2. Further visual cues such as pulled back stop lines and green paint through the intersection remind everyone of each other’s presence also showing where conflict between cars and vulnerable road users might occur. It is interesting to see that bicycle users generally ignore their stop line at the intersection to push themselves up ahead of idling cars naturally:
Bicycles riders often push themselves ahead of idling cars in order to be seen and safe |
3. The introduction of a bus island gives pedestrians a safe space to enter and exit the bus while bicycles pass between the bus island and the sidewalk. This way bicycle users aren’t in danger of being hooked by the bus pulling over to the bus stop and pedestrians and bicycle users are physically separated. The bus island can also function as a protected corner for right-hand turns. Montreal actually has implemented a bus island further north on Saint Urbain Street already in a few locations (as can be seen below).

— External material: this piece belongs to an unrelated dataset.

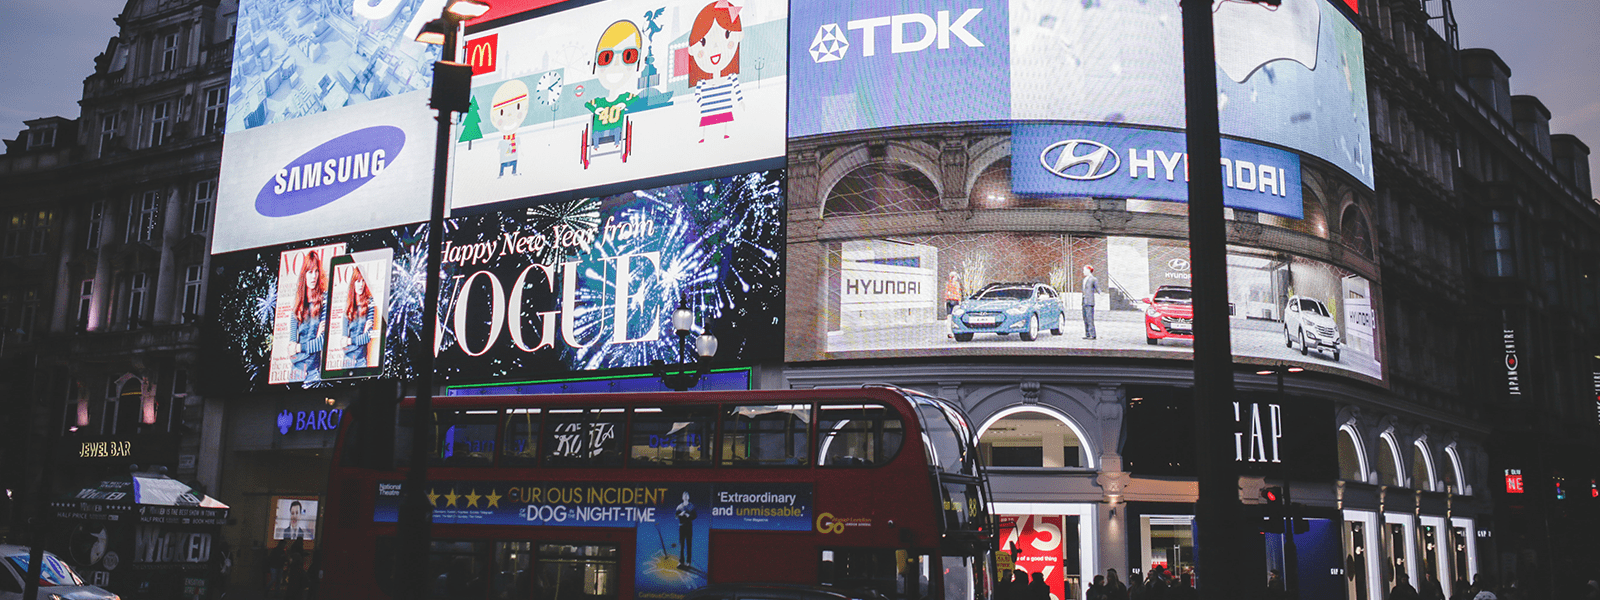 A city scene with advertising screens and buss ads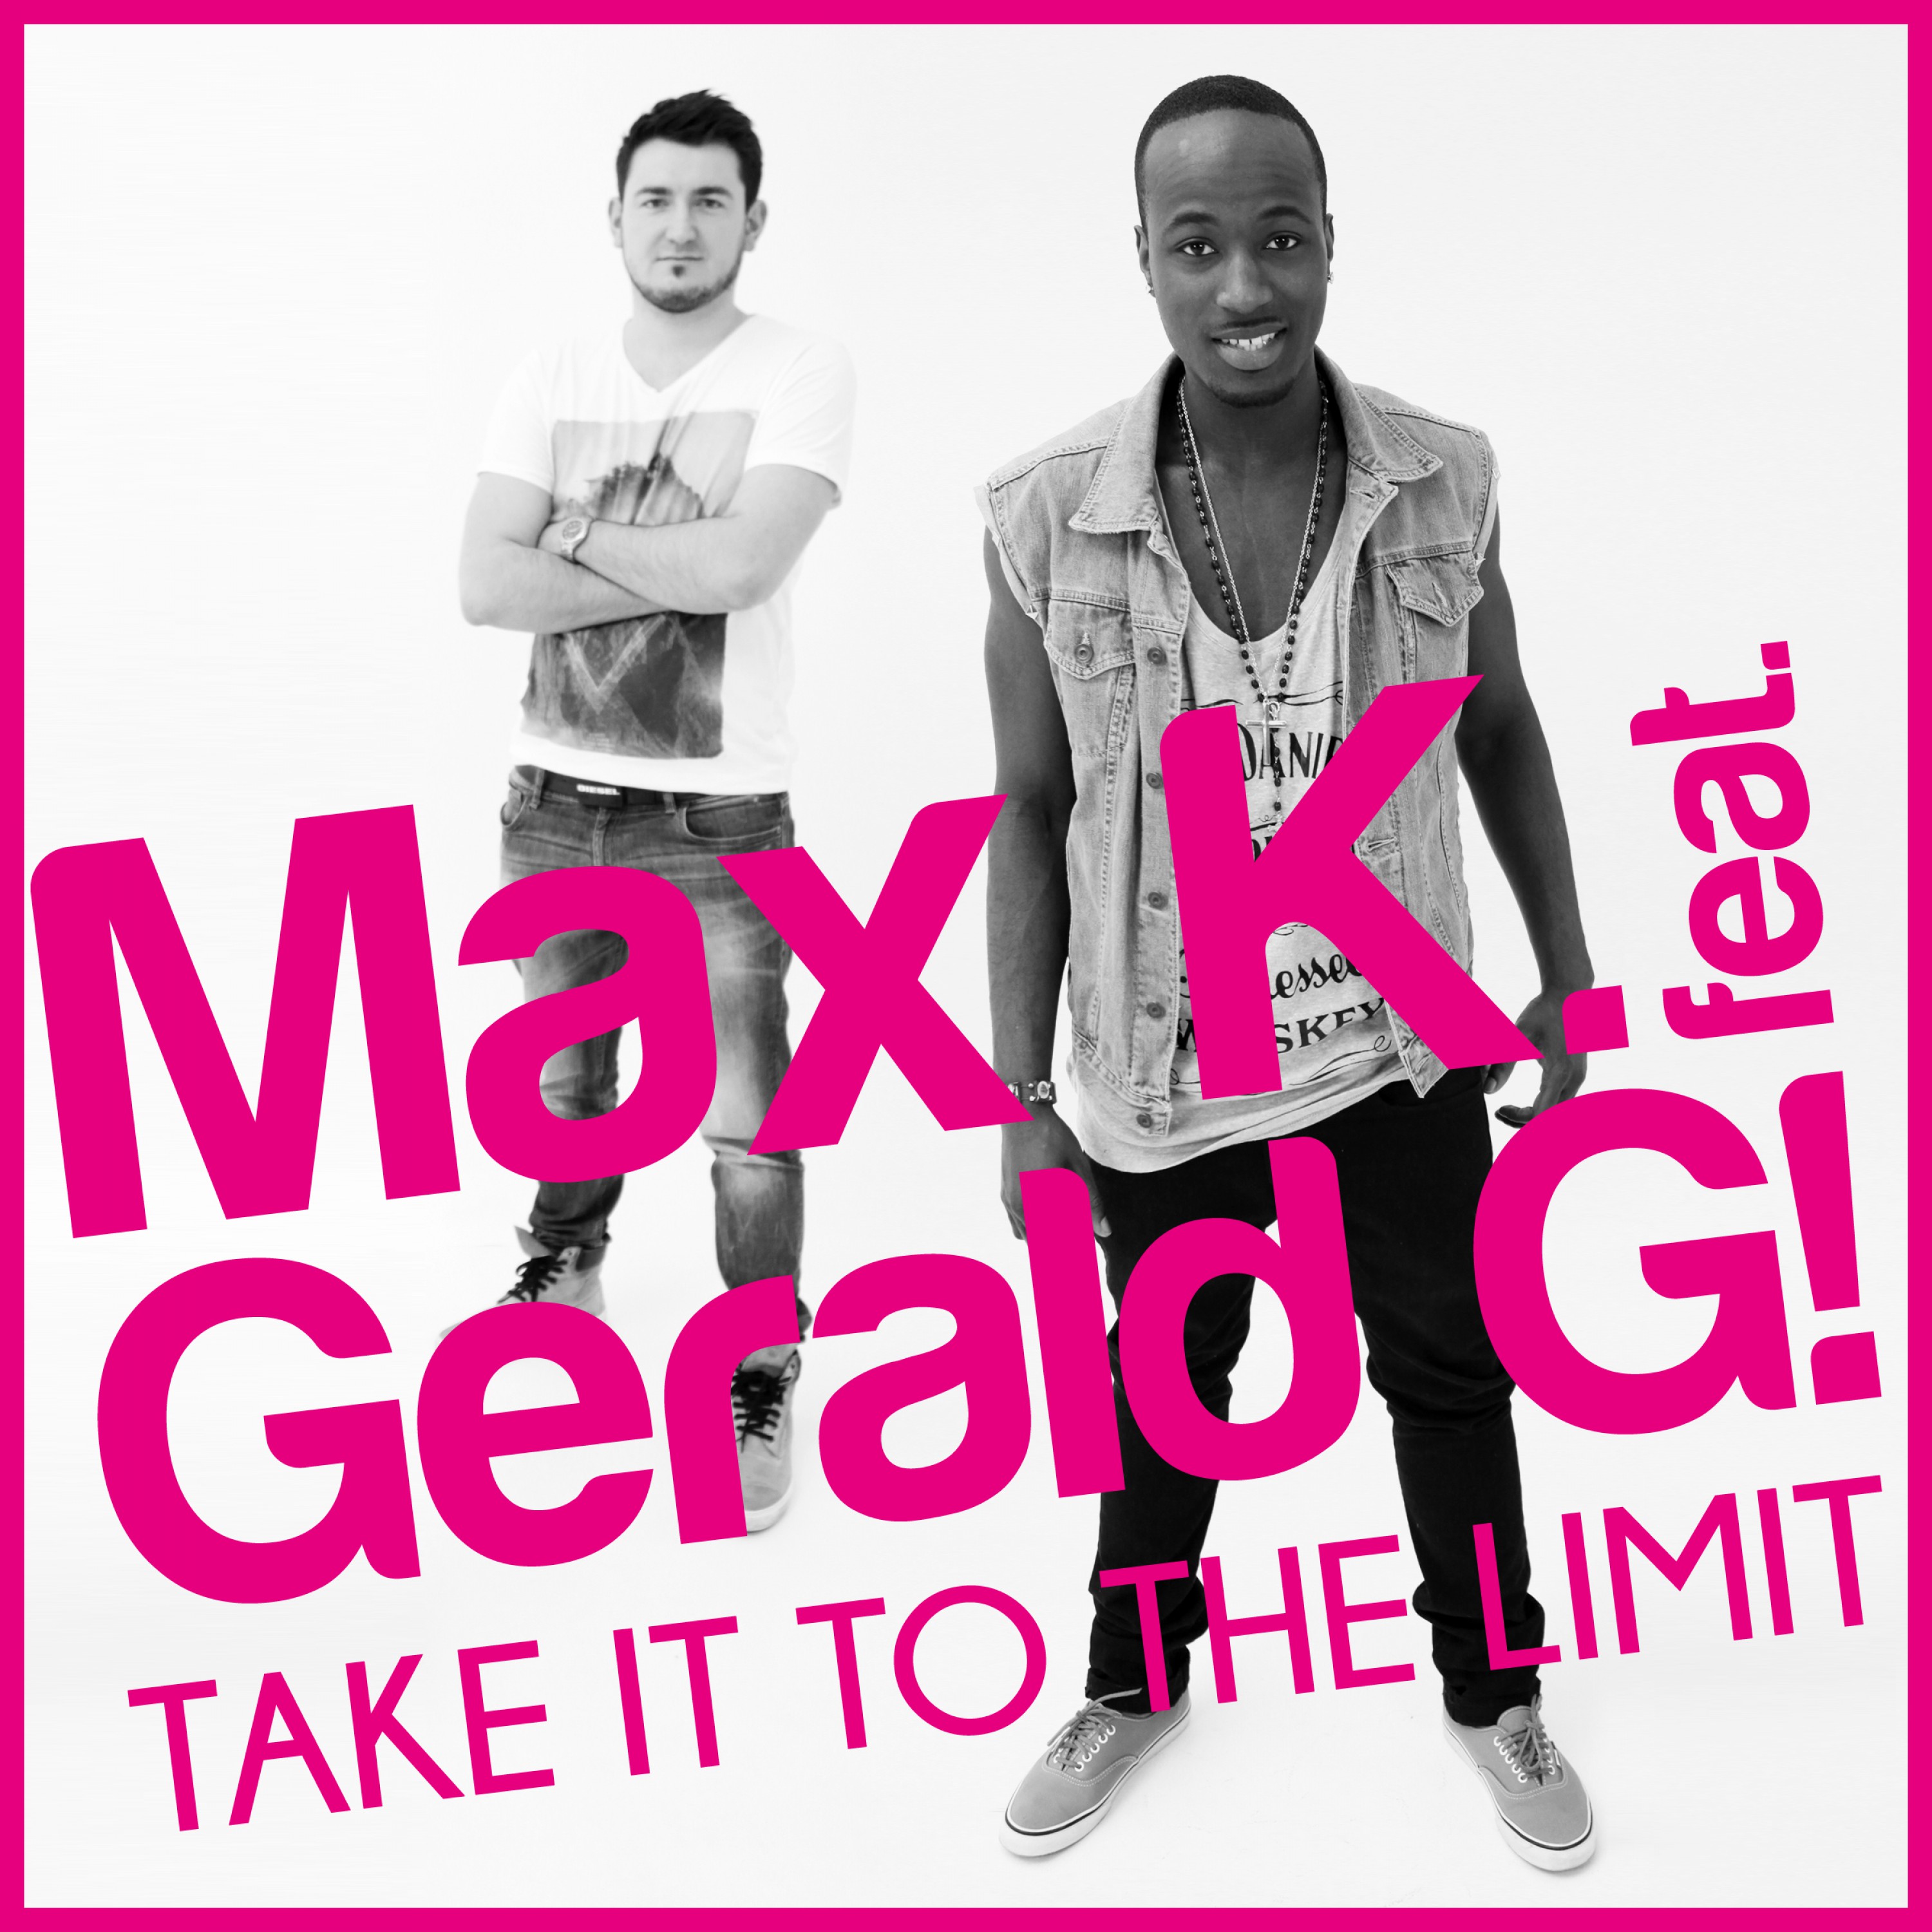 Take It to the Limit (Die Hoerer Remix)

One of several protected bus islands in Montreal – more should be implemented across the city to protect bicycle users. |
4. Again, paint (in this case crosswalks across the cycle track) highlights potential conflict zones and reminds pedestrians and bicycle users of each other’s presence and legitimizes pedestrians crossing the intersection. In the Danish context, bicycles have the right of way and pedestrians can cross when it is safe to do so.
--- All of these small-scale changes can have huge impact to safety at the most probabilistically collision-prone parts of the city for vulnerable road users.